| Exercise material |
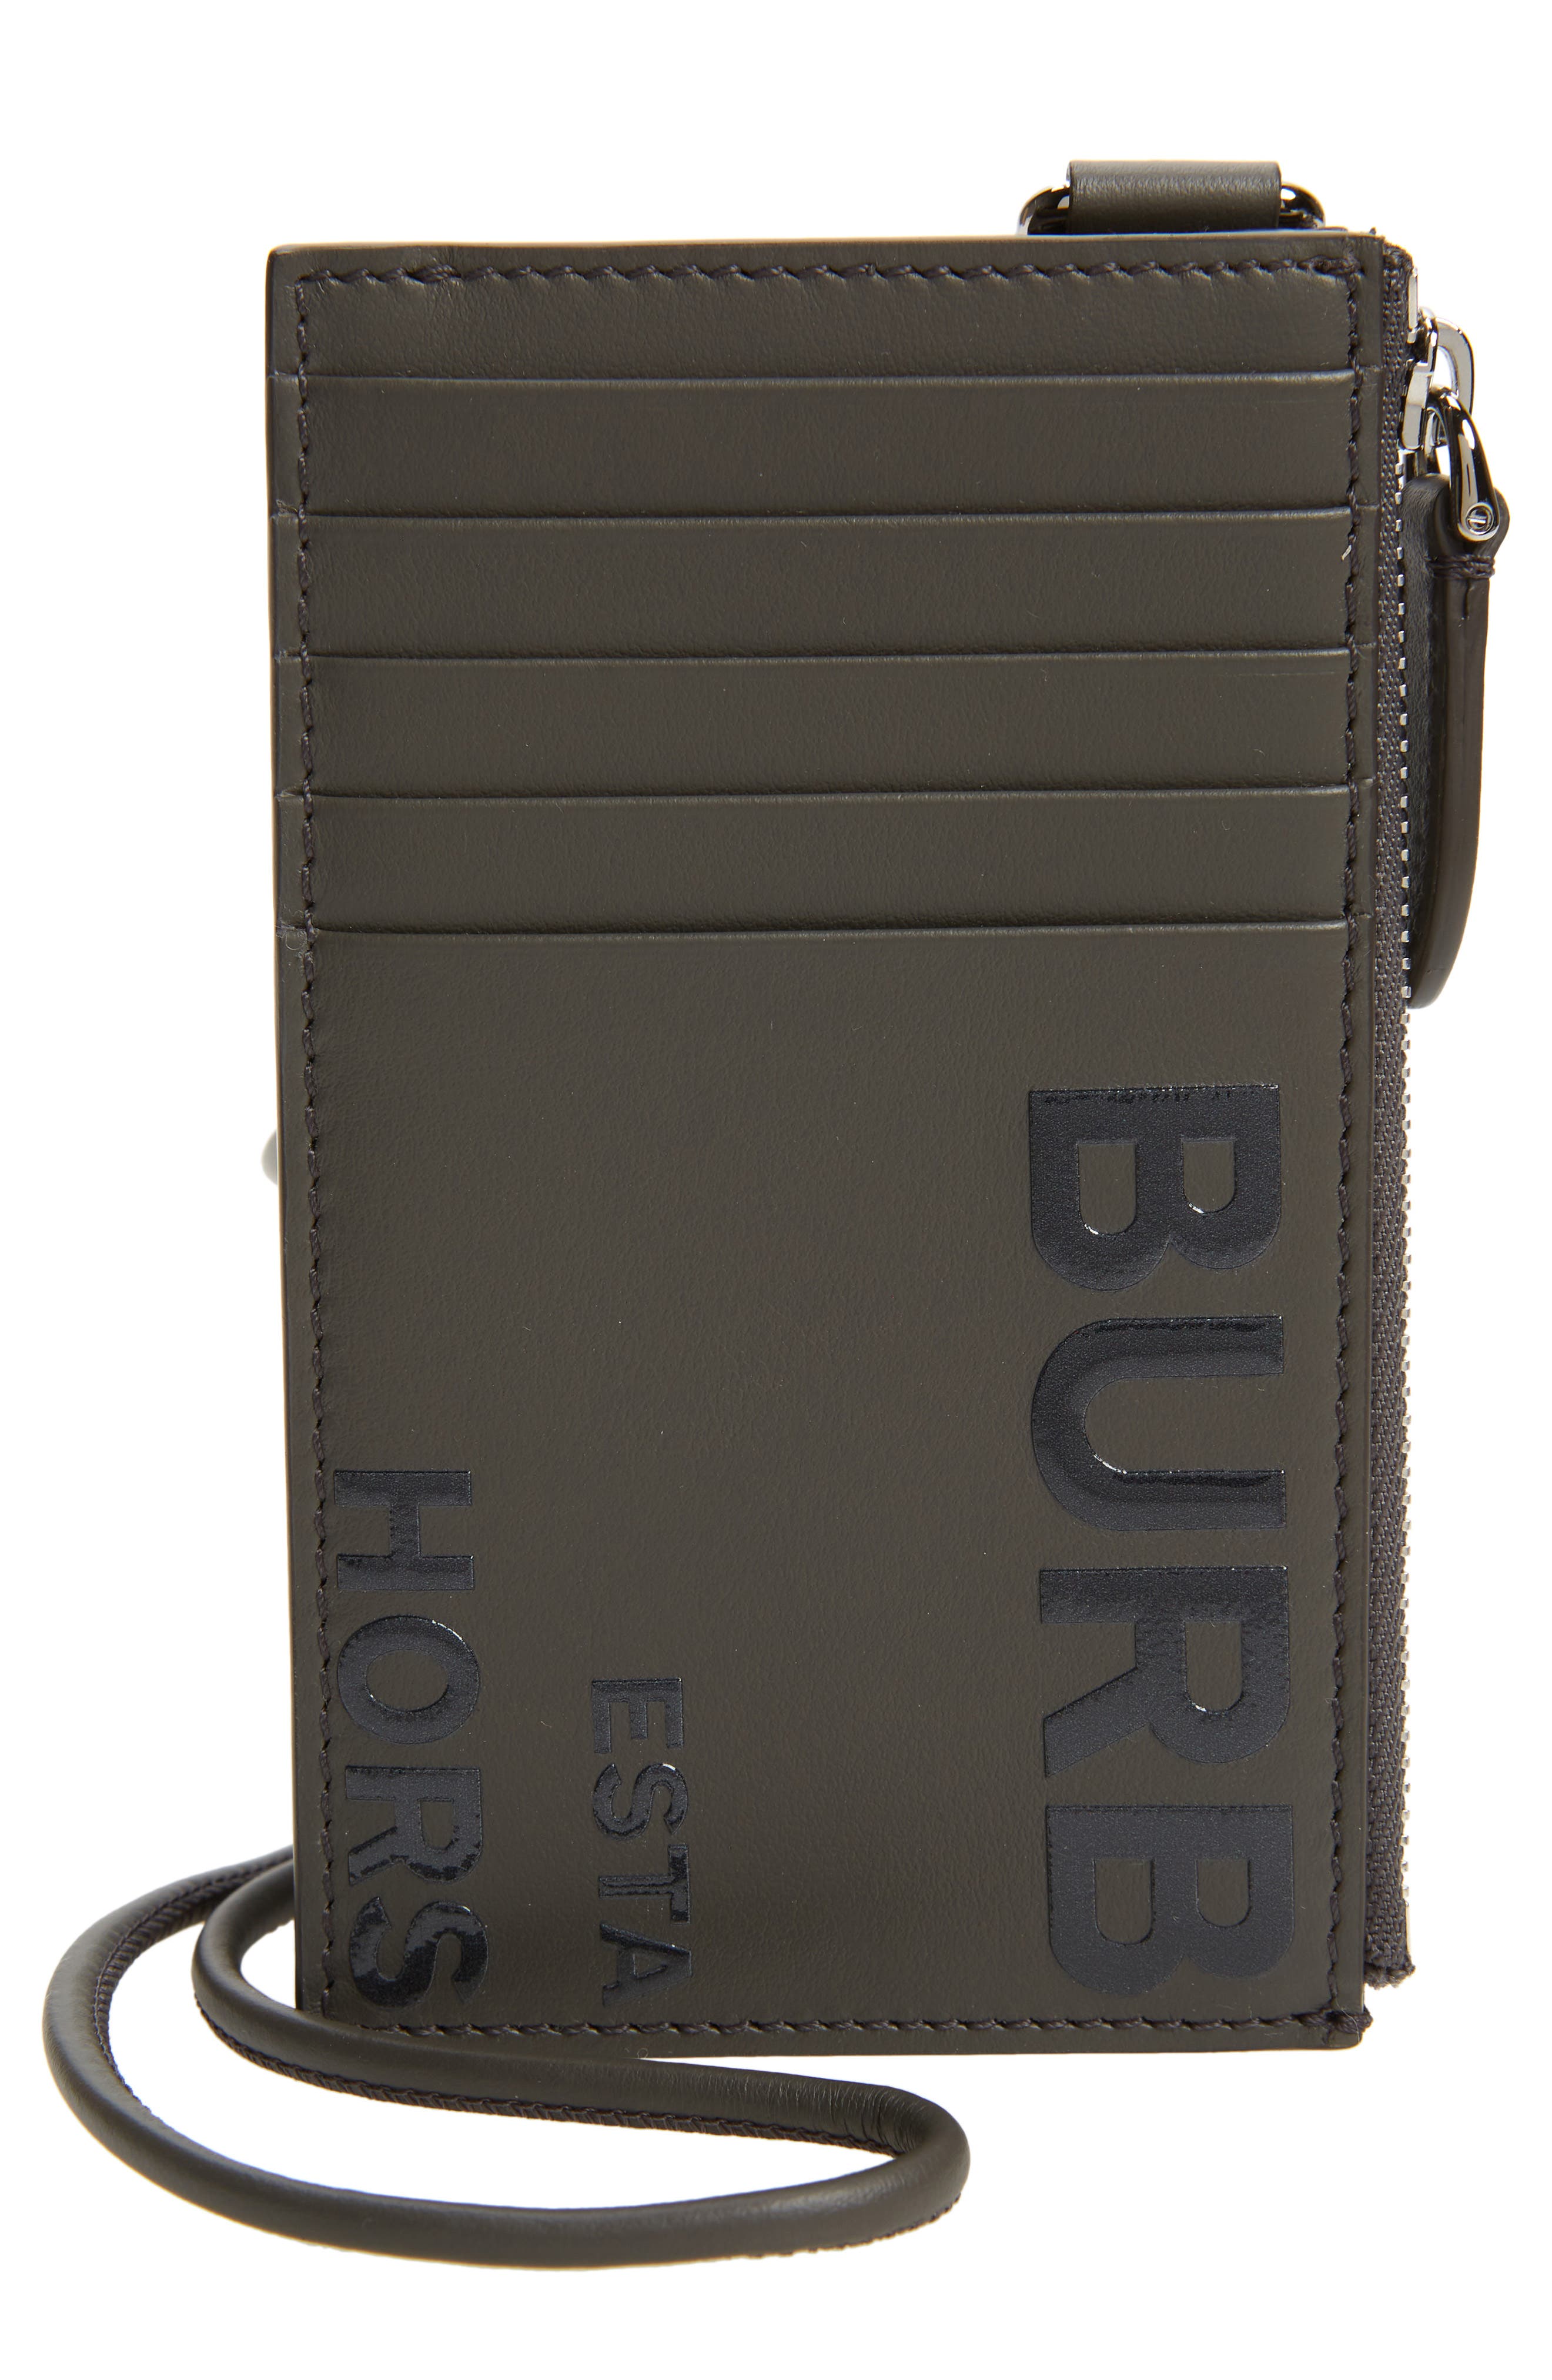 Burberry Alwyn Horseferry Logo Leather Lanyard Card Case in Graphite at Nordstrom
...
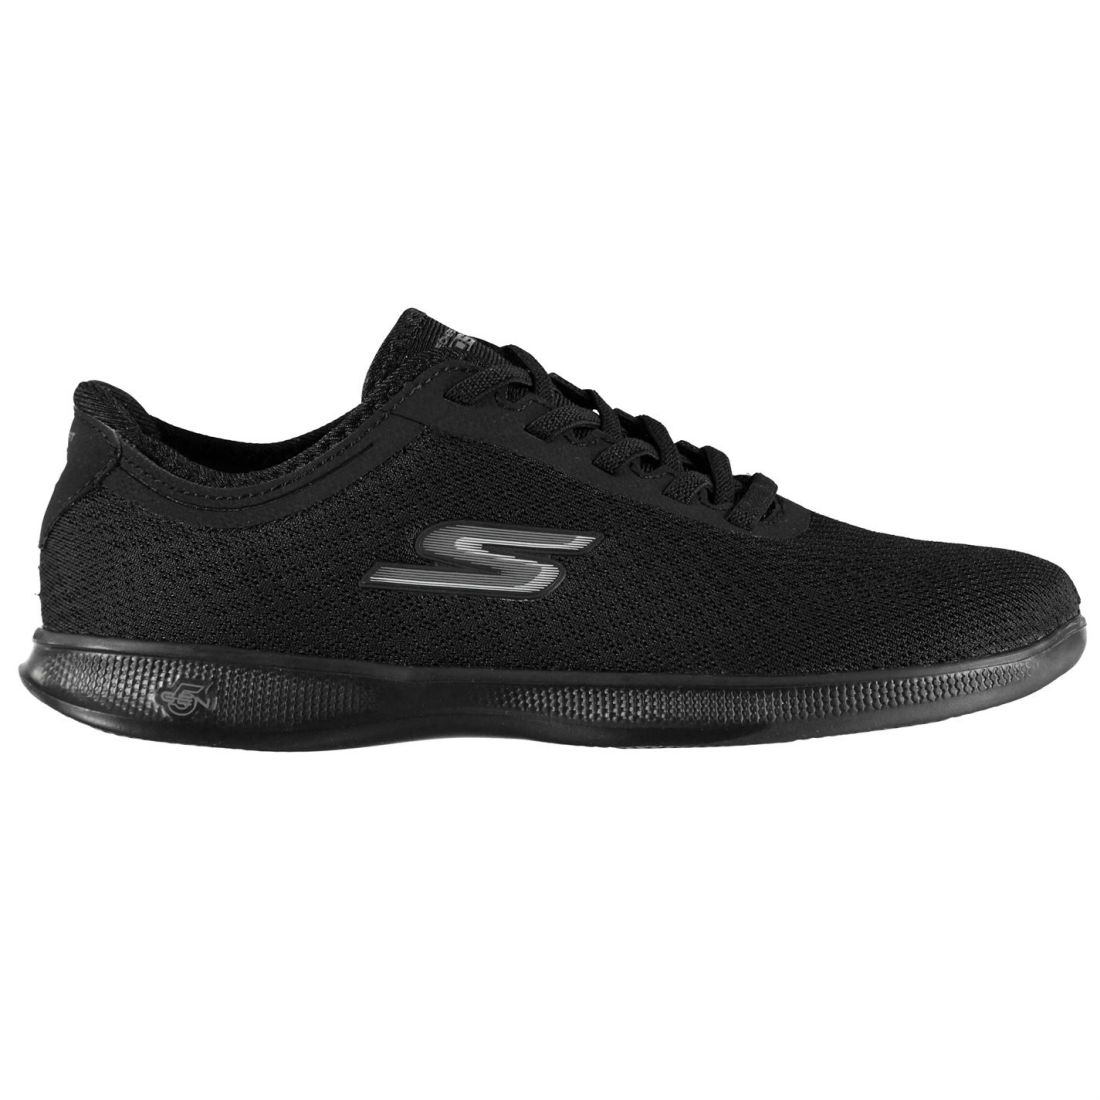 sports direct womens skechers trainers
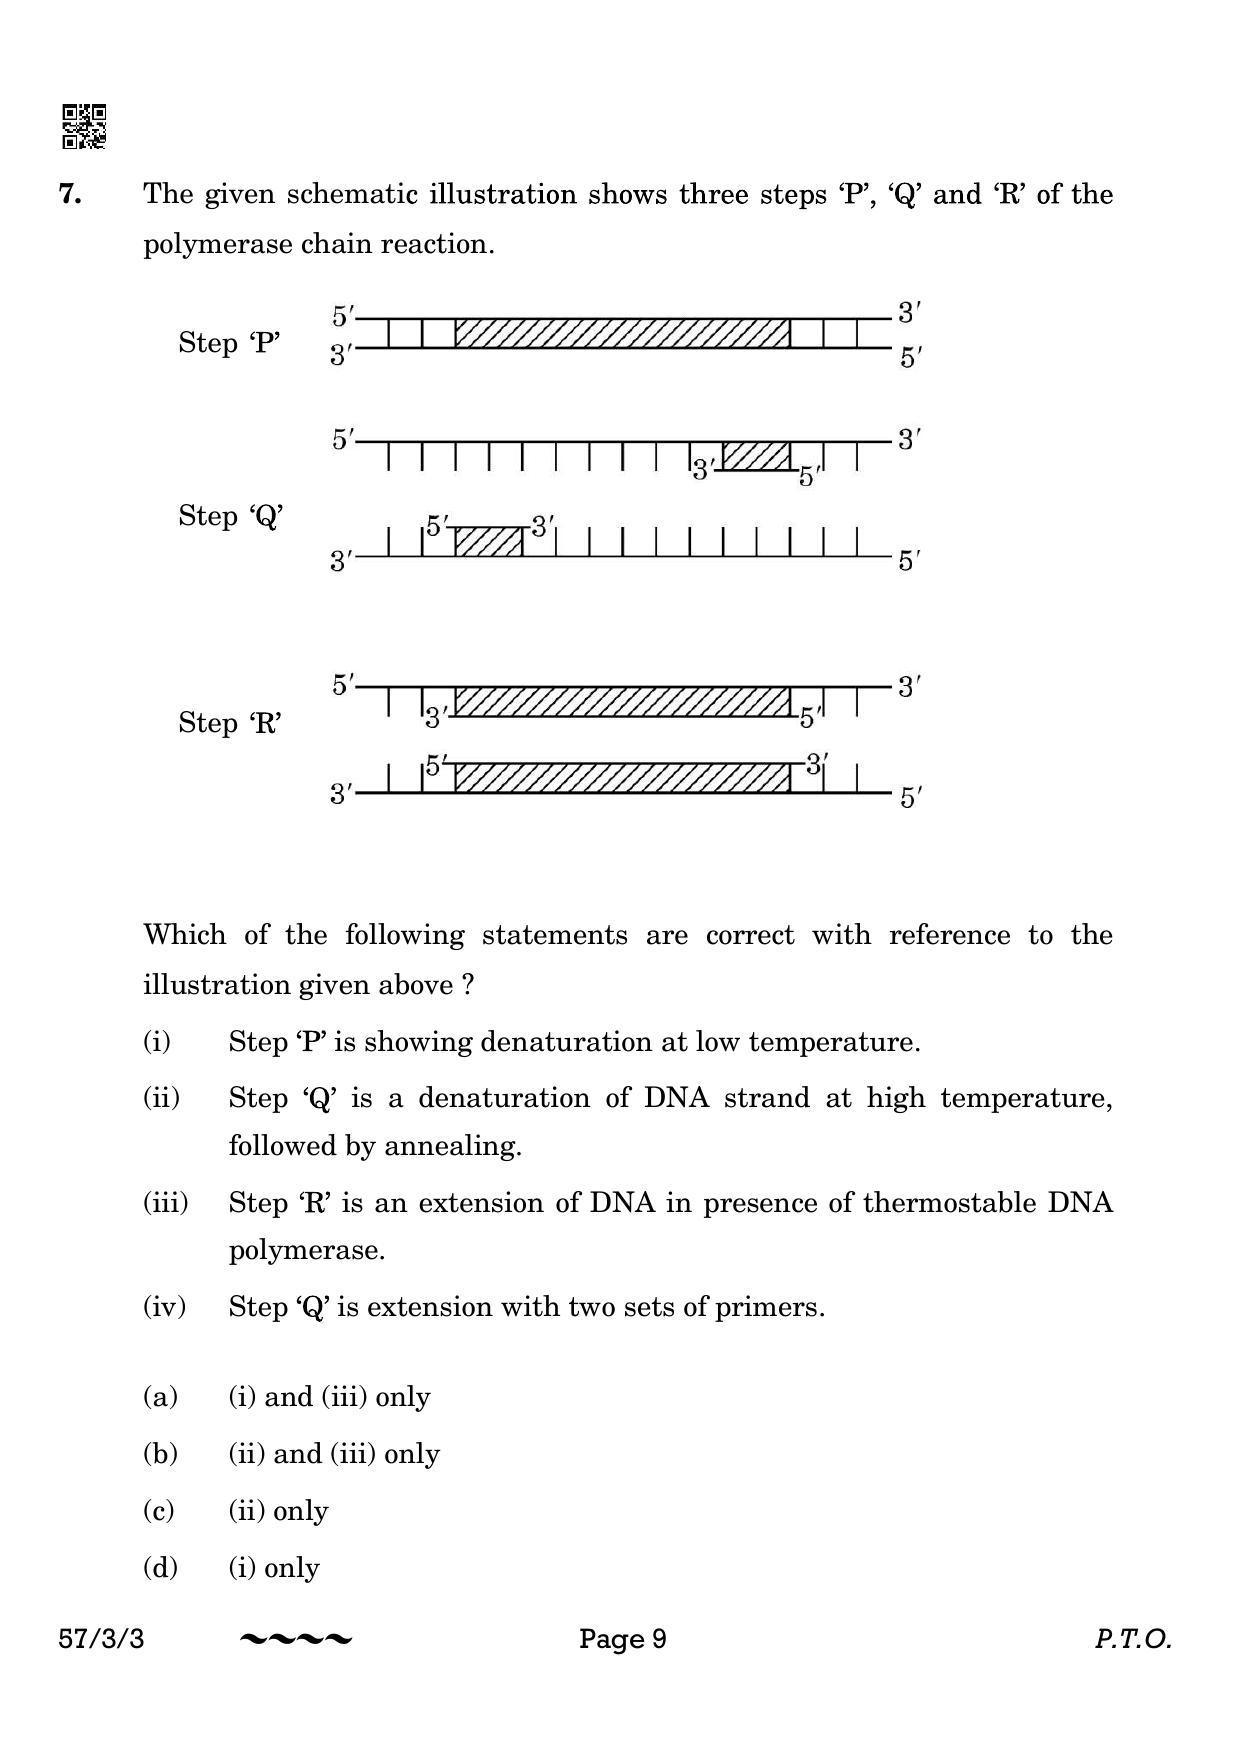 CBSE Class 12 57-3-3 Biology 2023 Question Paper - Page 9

| Problem |
Beginning with the line holding "sports direct womens skechers trainers" in the material above, restate word for word each line through the line holding "CBSE Class 12", and exclude pictures.

| Problem solution |
 sports direct womens skechers trainers
 CBSE Class 12 57-3-3 Biology 2023 Question Paper - Page 9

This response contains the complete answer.